Categories: Social Sciences

The development of the Mesopotamian civilisation

Question

The middle east is the birthplace of the Mesopotamian civilisation.

Explain how the physical and human geography of the Mesopotamian area influenced the civilisation there until it reached Iran.

Answer

Mesopotamia is a Greek word that means the land between two rivers (Reade, 2000: 6). The Euphrates and the Tigris nurtured a fertile plain in an otherwise barren territory. The land and the culture of Mesopotamia was “a gift of the twin rivers” (Roux, 1992: 4). The irrigation water provided by the rivers allowed for the development of agriculture, and together with steppe lands on which goats and sheep could be tended, human society prospered and started to proliferate.

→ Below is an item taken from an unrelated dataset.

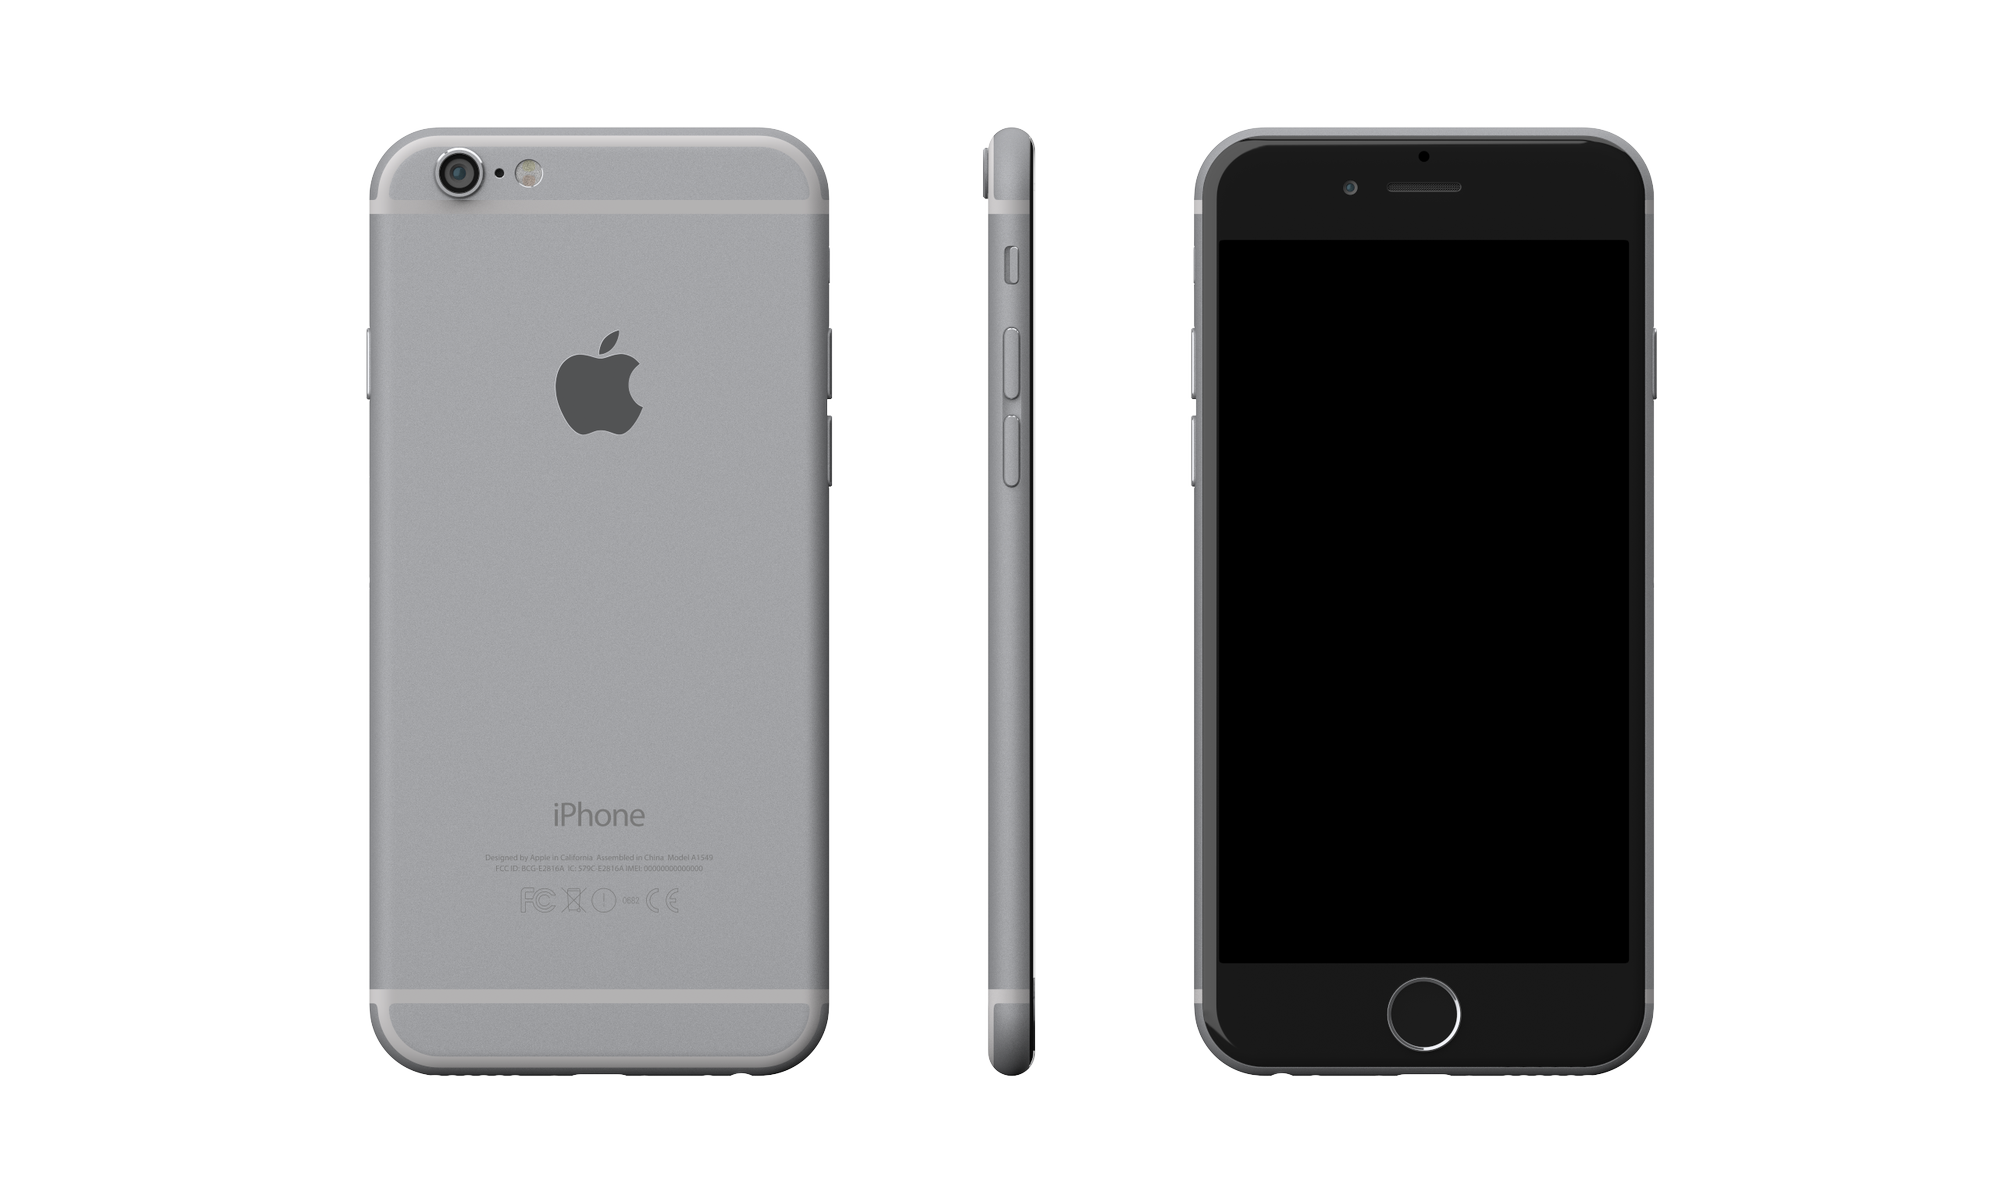 iphone 6 skiniphone 6 skin space gray

The evolution of agricultural societies in the prehistory of the region led to the foundation of the first great city, Uruk, in the last quarter of the fourth millennium BCE. In turn, the emergence of the city nurtured the cornerstones of civilisation: trade, writing and the specialisation of skill (Van de Mieroop, 2004: chapter 2.1). The city became a focal point for the people of the region, and as its inhabitants began to hone their skills in building, pottery and textiles, the exchange of goods and services proved essential to this new way of life. This brought about the need for a bureaucracy, which created a ruling class. This in turn engendered the need for an ideological foundation for this system, and so a religion in which the city’s god received goods and distributed them to the people was established (Van de Mieroop, 2004: chapter 2.2).

The bureaucracy that controlled the exchange of goods needed a system to record trade. The development of cuneiform controlled the economy and it is also controlled the ideology as it was used to record the deeds of the city’s gods (Dalley, 2008: xv). The foundations of civilisation were established in the city of Uruk and, from there, the network of cities that would become the the great civilisation of Mesopotamia.

References

Dalley, S. (2000). Myths from Mesopotamia. Oxford: Oxford University Press.

Reade, J. (2000). Mesopotamia. London: Published for the Trustees of the British Museum by British Museum Press.

Roux, G. (1992). Ancient Iraq. London: Penguin Books.

Van de Mieroop, M. (2004). A history of the ancient Near East, ca. 3000-323 B.C.. Malden, MA: Blackwell Pub.